How about that cover, huh? Wicked Me is probably the most “me” book I’ve ever written, though it’s in no way autobiographical. I think it just captures who I am as a human being. It’s also the longest book I’ve ever written at 94,000 words and is my first contemporary novel with zero paranormal elements. I’m pretty darn proud of it.
So NaNoWriMo is over, and while I didn’t participate, I did try to write a little every day on A Boy and Her Scratch. I didn’t succeed, and I didn’t even come close to 50,000 words. But I’m okay with that.
The story and characters have solidified in the 10,338 words I’ve written on it, which is always a plus. I keep fighting the urge to go back and “fix” things because the first draft is supposed to look like word vomit, and it does, so yay! I’ve decided to keep writing this story until December 31st, and then at midnight, instead of turning into a pumpkin, I’ll start writing like a mad woman on What Gifts She Carried.
From January onward, I won’t be staying the night at work (something I did do in November), I won’t have as many loooong work days, and I won’t be going out of town. It gets too cold in Kansas to do anything but stay home in my pajamas and write anyway!
My point to all this rambling is that I’m trying this new thing where I don’t stress about writing. I let it happen, word by word. It’s slow going, but I’ll get there.
Does word count stress you out? Does getting the book finished twist your knickers?
No no NaNoWriMo. I won’t participate in you this year or next year or never but I will cheer for participants from the sidelines.
Why? I’m a slow writer, like 1000 words in three hours slow. I try not to stress about making things look pretty in a first draft, but I do anyway. Plus, I have to stop and picture what’s happening in my head. It’s like watching a movie in painfully slow motion.
But I’m using NaNoWriMo as inspiration to learn how to not worry so much and speed up the pictures. I’m also using it to get inspired to write after I get home from school. I used to think a sleepy brain tells sleepy stories, but a sleepy brain is the norm now, and sleepy brains still have stories to tell.
The story I should be telling is the sequel to The Grave Winner, but it’s still coming together in my head. So my muse has hammered another story into my brain (ow!) while I let the sequel percolate. That’s the story I’m working on now, and I feel like I should make nice with my muse in case it flips me the bird and abandons me.
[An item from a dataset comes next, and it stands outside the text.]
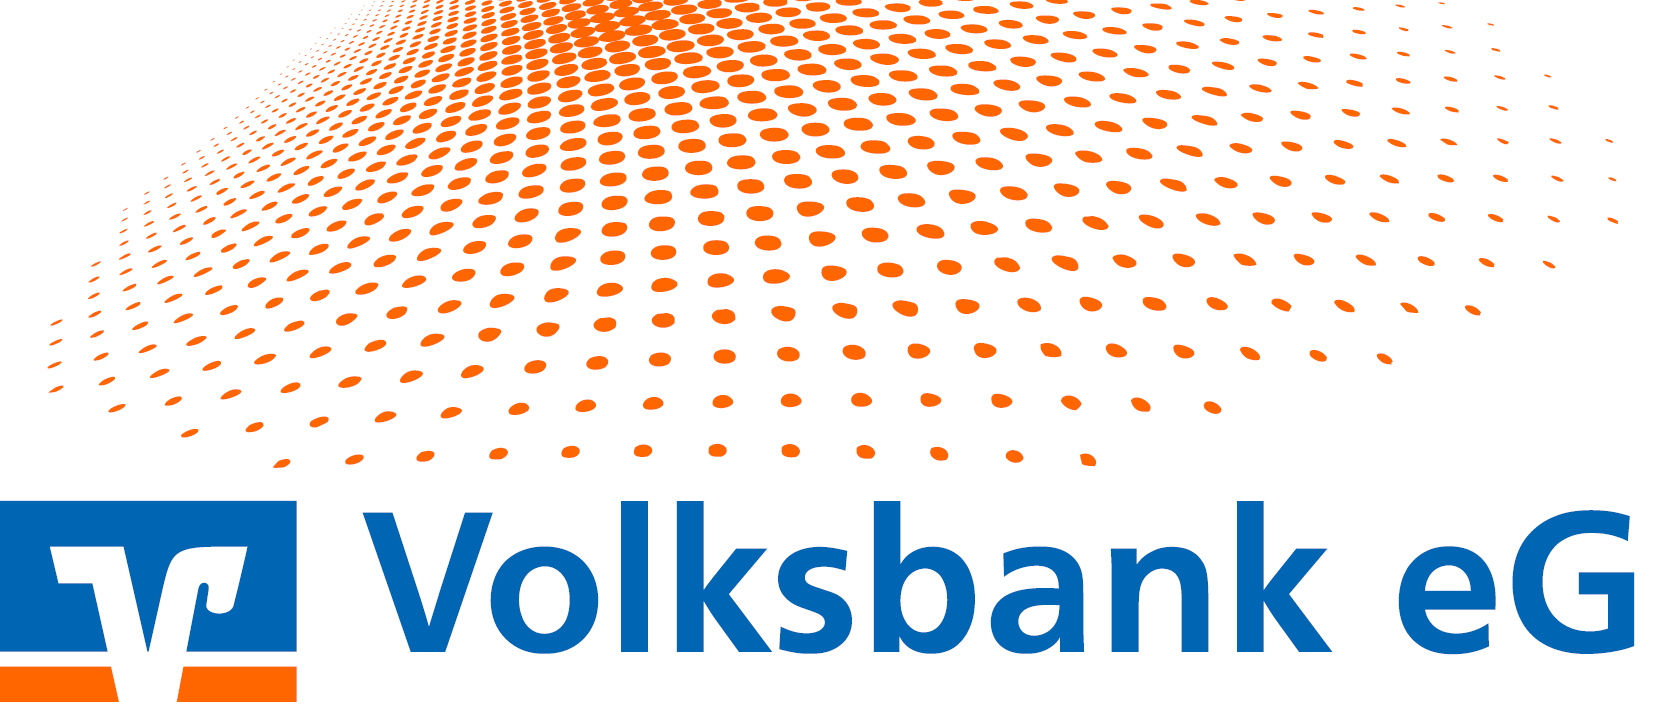 Volksbank eG Warendorf

This new story has ghosts in space, in case you’re wondering. It also has some sexy times in it because it’s not YA. The title is A Boy and Her Scratch.
The sequel to The Grave Winner is coming, I promise! Please don’t hate me, Fabulous Editor Melissa and my Must Have Critique Partners and my Totally Tubular beta reader and everyone else who has made it this far through my ramblings!
Anyone else have a muse? Anyone else pet it and feed it cookies so it won’t flip you the bird?
Anyone who’s read some of my stories knows that I have a strange fascination with putting numbers in them. I’m not sure why exactly, but numbers have always been interesting to me. When I was younger, my parents would drive places, and I would add or multiply addresses on the houses we passed. So I wrote Willow Road about someone who did just that.
Anyway, while I was enjoying my Christmas vacation, I got in some good writing/editing time. Yay! But you know what I noticed? I wrote 863 words day after day. Not more, not less. 863 again and again. No, not 863 repeated all over the page! I’m not that crazy!
So, what does this mean? Why did I stop at exactly 863 words? Did I spot something shiny? Did my brain explode? Did I have to pee? All of the above? Maybe. Or maybe I just felt in my bones that 863 words was good enough for me.
863 words isn’t a lot for a daily word count. Some people can blast out 5,000 or more in a day. I’d love to get over 1,000, but… 863 is pretty close. It’s 863 more words than I had the day before. It’s 863 words closer to ‘The End’. I’m good with that.
What’s your daily word count goal? Is it really the end of the world if you don’t reach it?